Open helpdeskdan opened 6 years ago
What's the scenario you want to support, exactly? Order of checks, etc? E.g. I don't expect someone who doesn't have an OTP to have a password matching the pattern of password+otp, right?
No, you don't expect that, but it is what I would like though it may sound silly.
Quite simply: Support (password OR otp) instead of (password AND otp) This is possible with pam_unix, the change I propose would make it possible. Thank you for your reply.
Why would that be desirable? It seems like it would be a pretty serious detriment to the security of the system, since instead of ending up with two-factor auth for the system you'd end up with multiple parallel single-factor auth options for an attacker to pick between.
Indeed, without fail2ban or some other brute force protection, that could be worse. That said, my use case is not necessarily for system login nor my choice. Thank you for your consideration.
I guess I can theoretically see use cases. Maybe some people have the password, some have to use OTP, and it's something like a VPN software client that can't do custom prompts in keyboardinteractive.

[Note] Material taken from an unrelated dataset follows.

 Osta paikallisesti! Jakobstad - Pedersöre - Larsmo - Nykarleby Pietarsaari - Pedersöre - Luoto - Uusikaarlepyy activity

Still, in those cases I'd probably want a list of users who should go one or the other way. And then just don't have GA config for the users who'll use password.
But if not that, can you not place GA last and use use_first_pass
?
Please forgive my tardy response.
A good point but, alas, I can't do that. Consider: If a user is told to use pin, but that username also happens to exist in krb5, the krb5 server will see repeated failed logins and decide to lock the account! Hence, I am in a pickle as I require pin to be second. Thank you again for the consideration.

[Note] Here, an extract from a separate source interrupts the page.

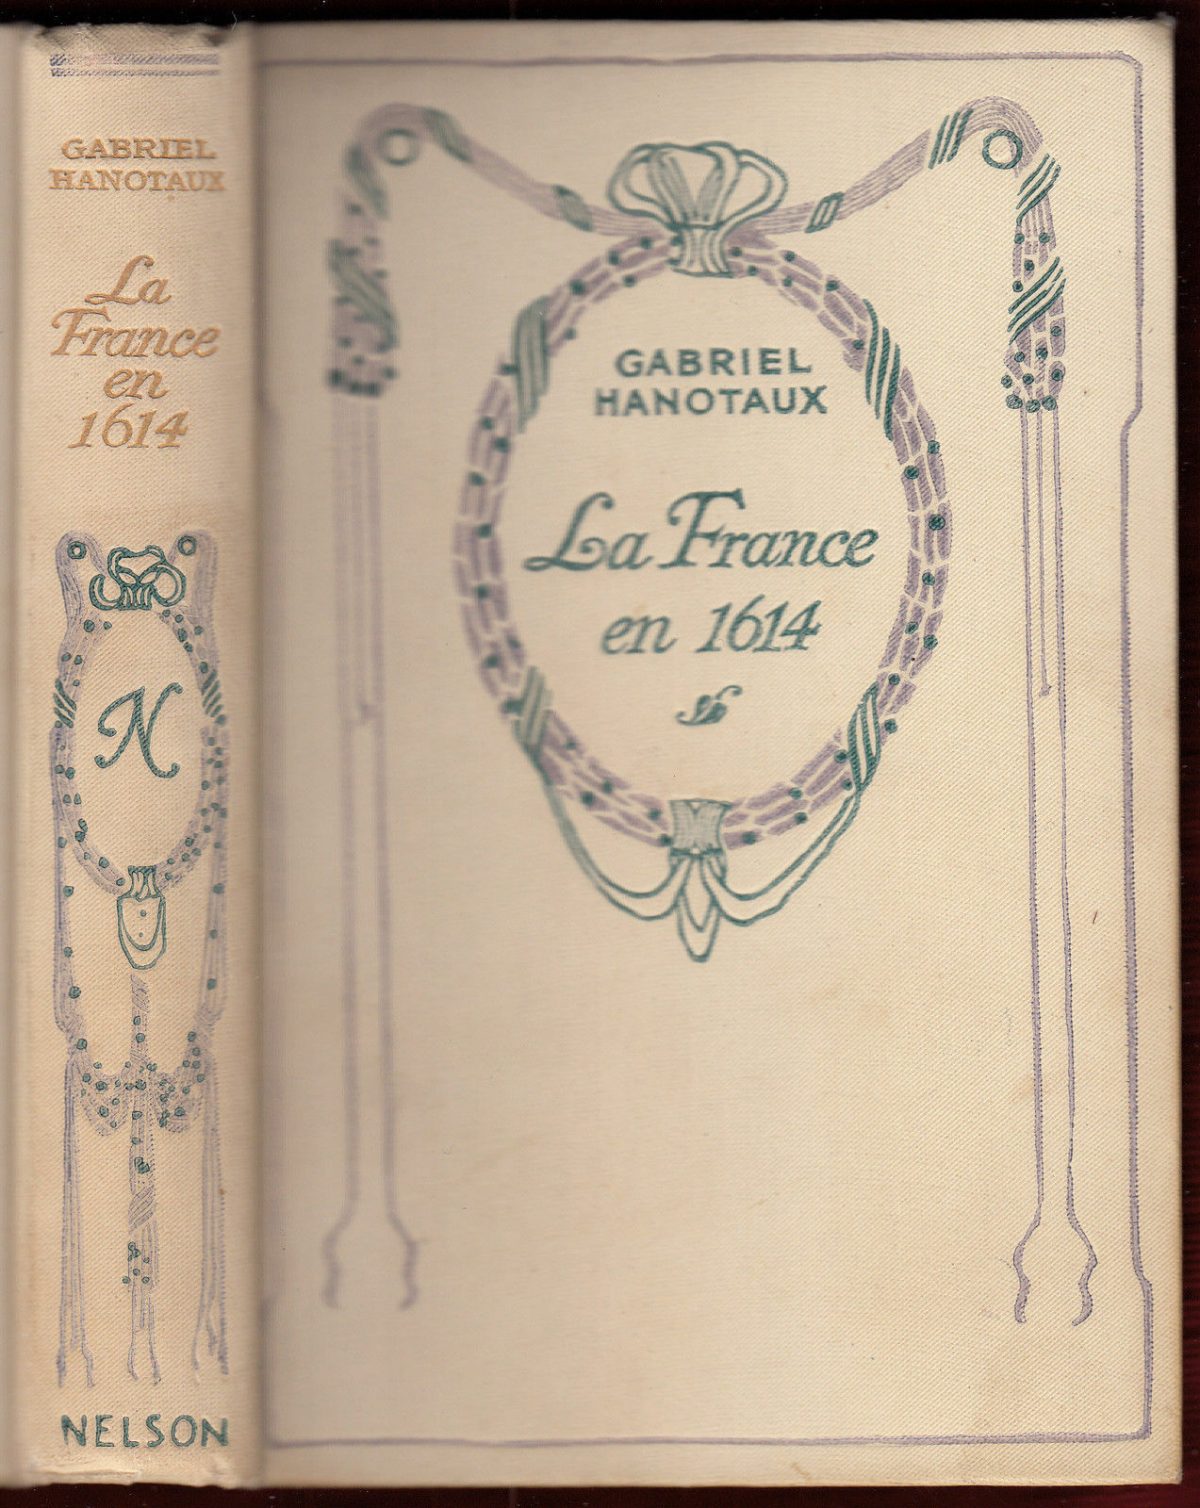 La France en 1614 by Gabriel Hanotaux book cover.

And what about pam_listfile.so
? Do you have users that sometimes will use a PIN, sometimes a password? If not then pam_listfile.so
. Or not have a config, like I said.
If these don't work: I may accept well-written pull requests for this feature, but don't expect it to be made on its own.
Very simply, it would be nice if there were a feature similar to forward_pass, but would forward the password unmodified. Example use case:
auth [success=2 default=ignore] pam_unix.so forward_pass auth [success=1 default=ignore] pam_krb5.so try_first_pass
This allows unix or Kerberos login. Same config with pam_google_authenticator.so will not work, perhaps because it is expecting to strip a pin. (Eventually works, but first password prompt will always fail if you are trying krb5)
Thank you your work on this project.